Изжога, говорю, бывает, – они и стали меня томить, в огромадные очки на
меня глядели, на доску на ту, а через нее будто все видать. И темно, и гудит
чего-то… ну, иликтричество, уж известно. Больше часу меня томили. Главный руки
помыл и все Катичке и доложил про меня: и сердце, говорит, хорошее, нельзя
лучше, и мозги ничего, хорошие, и все суставы мои хорошие, а самое главное
хорошее, нутро мое… как у. молодой, все равно, даже и невидано никогда, истинный
Бог… а ни одной-то жилки здоровой нет! Ей, говорит, долгой спокой требуется, а
то обязательно с ума сойдет. Так и сказал – подписал. Она ему и скажи: да вот,
заладила в Париж ехать… нет ли чего в голове у ней. Стро-го так поглядел,
помычал…
«Отправьте
ее в нашу синаторию, на цельный год, она спокою хочет!»
Сказала
мне Катичка – «вот, требуют в синаторию отправить к нцм, на цельный
год», – я и заплакала. Ну, он как узнал, не хочу-то я… – хошь на
месяц ее отдайте, мы ее всю рассмотрим, развлекем. Повезла она меня домой, я
плачу-разливаюсь: вот, заслужила… в сумашедчий дом хотят засадить. Ну, она меня
успокоила, – не отдаст, мол. А тут Соломон Григорьич проведать меня зашел.

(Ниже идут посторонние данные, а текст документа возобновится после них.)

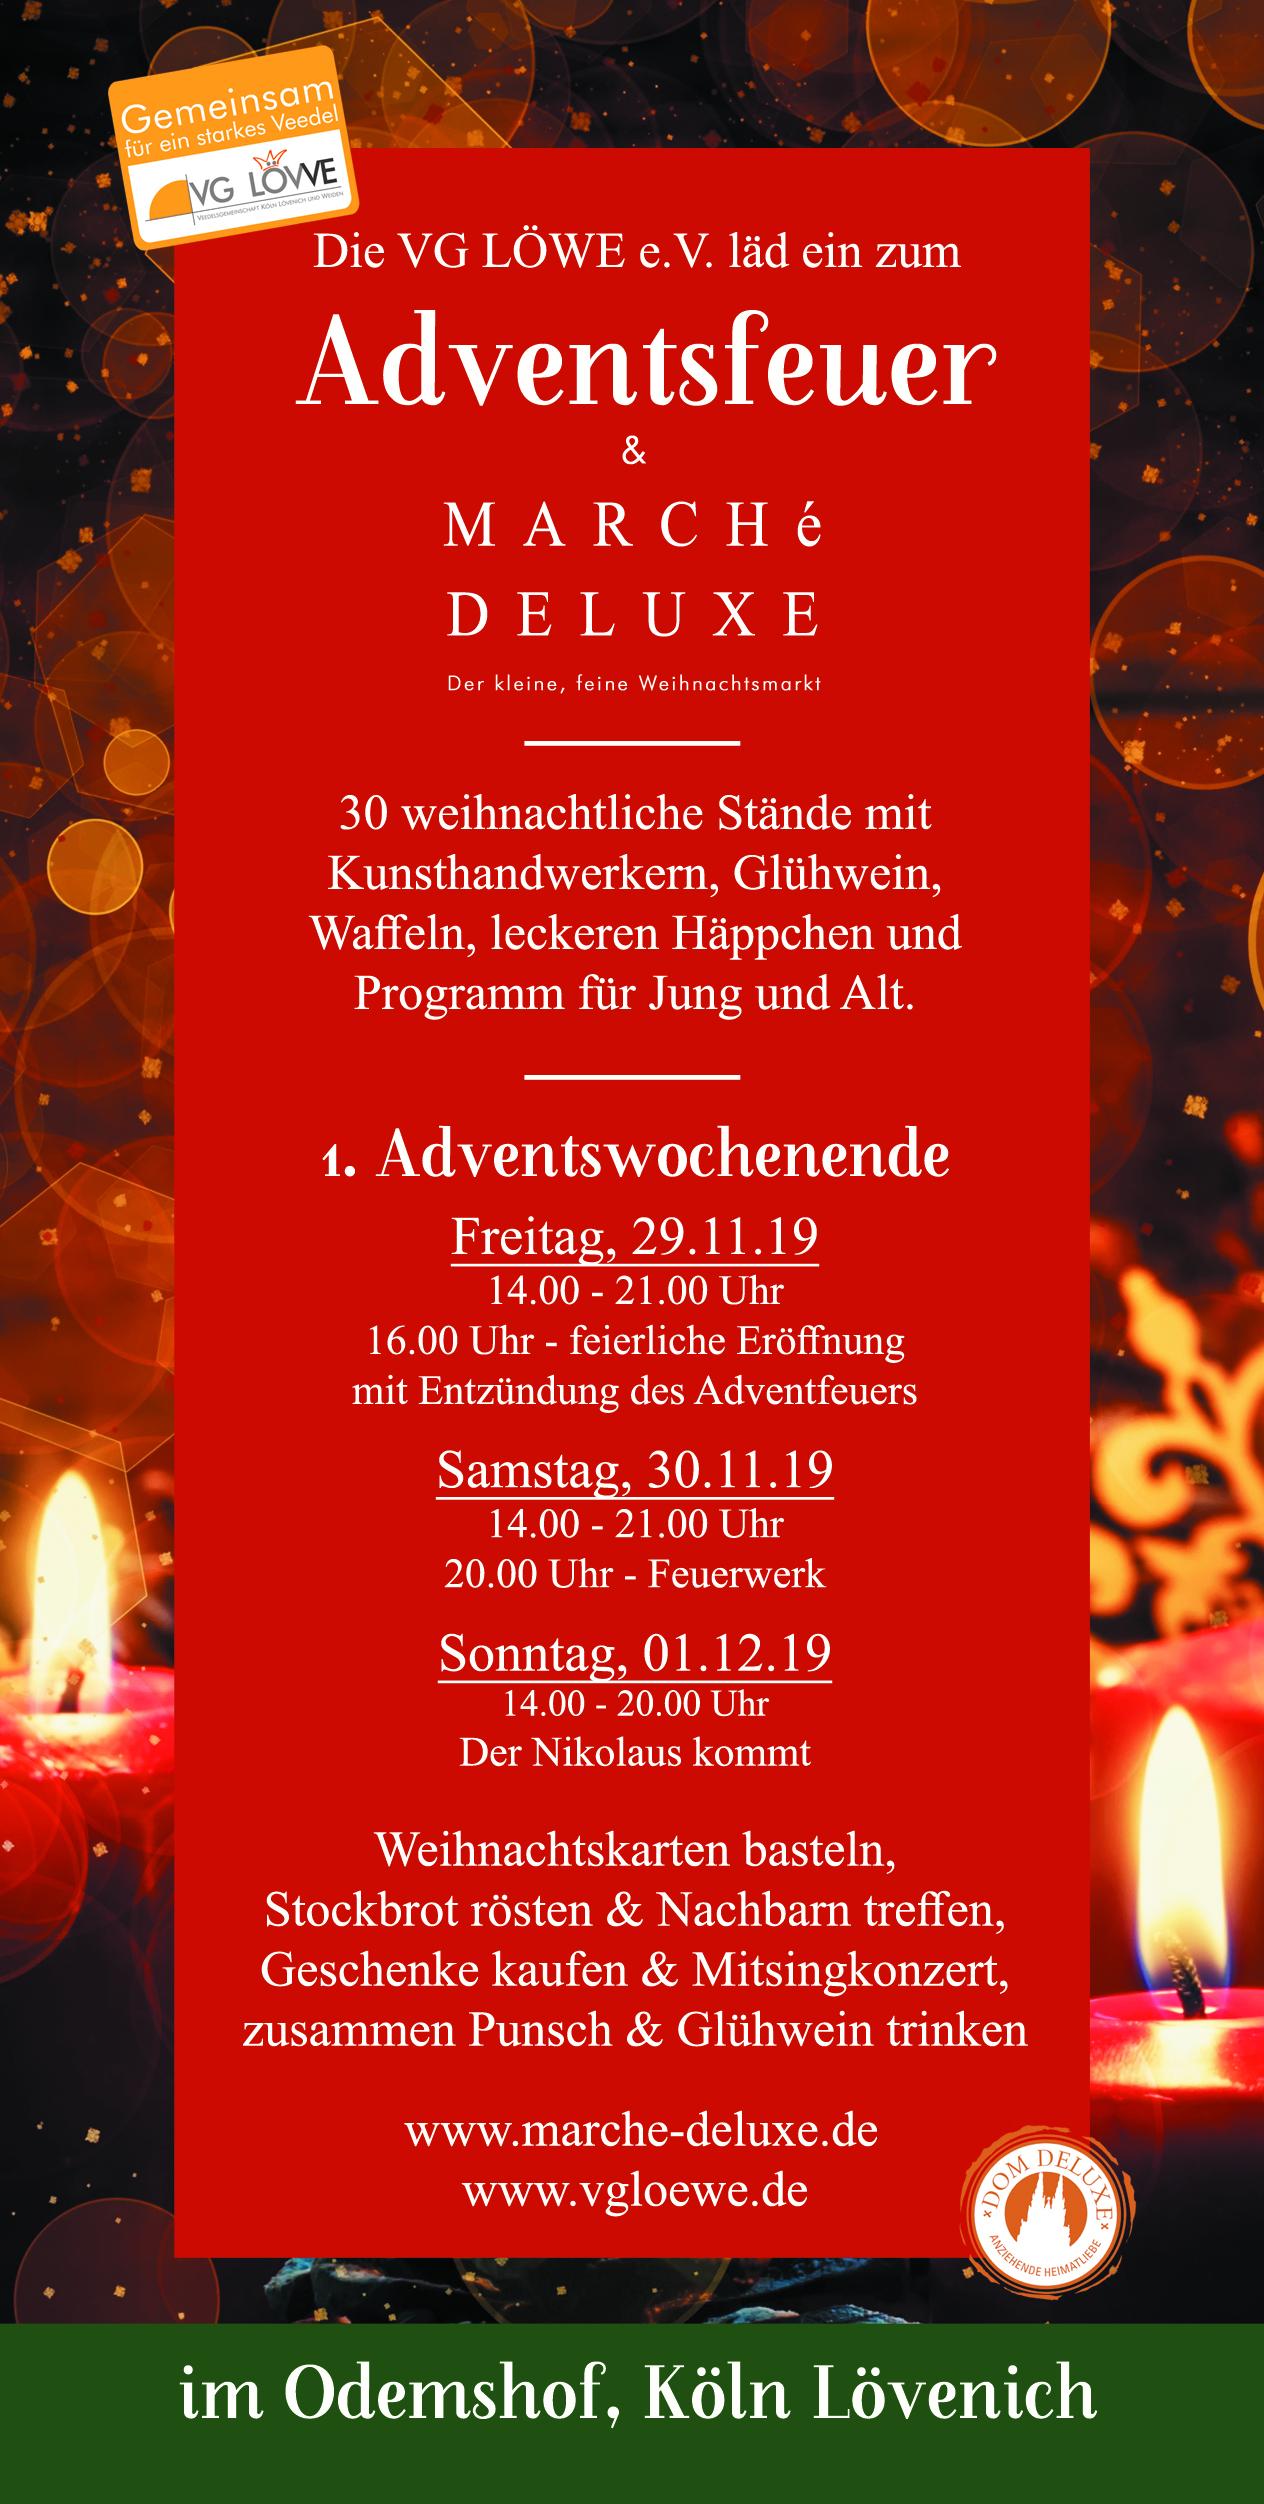 Marché Deluxe Weihnachtsmarkt köln, Weihnachtsmarkt Marché Deluxe & Adventsfeuer 2019, City-News.de, City-News.de

Узнал про синаторию, и говорит:
«Они вам
на синаторию насчита-ют! Лечили так вот банкира одного, он и лопнул. Дарья
Степановна мне известна… пустите ее в Париж, а то ее тоска убьет тут».
Умней не
скажешь. А Катичка свое: «с ума надо сойти, ехать ей… она и на улицу-то боится
выйти!» Артист пришел, про пиявку-то все… тоже заступился, напугал. «Она, –
говорит, – на моих глазах, как спичка стала. Тут все старушки, как мухи,
помирают, воздух вредный!» Ну, поняли мы – насмех он, балахвост, невзлюбил
меня. Досматривала за ним, никогда одного в покоях не оставляла, без Катички
как зайдет, он и фыркал. Ну, правда, барыня, что артист… да нонче он артист, а
завтра в остроге от него отмахиваются. Вон бес-то тоже такой артист, а сразу
жуликом стал, дачи чужие грабил… а этому колечко беспризорное приглядеть – и не
воздохнет. Да ведь совести-то у них нет, барыня… под человека притворяются.
Стала она тревожиться: «что ты в голову забрала… еще погибнешь, заблудишься!»
Повезла в синаторию меня. Да нет… Васеньку проведать: будто соскучилась я об
Васеньке. Поправился он, узнать нельзя. На горе место, снег… на санках они
катаются, от болезни. Хорошо говорили, ни спору, ни… И говорит ему:
«Новости
у нас, няничка наша с ума сходит, в Париж собирается».
Он даже
не поверил, призадумался… – «что ж, – говорит, – значит, по ней
так лучше». И он будто за меня вступился.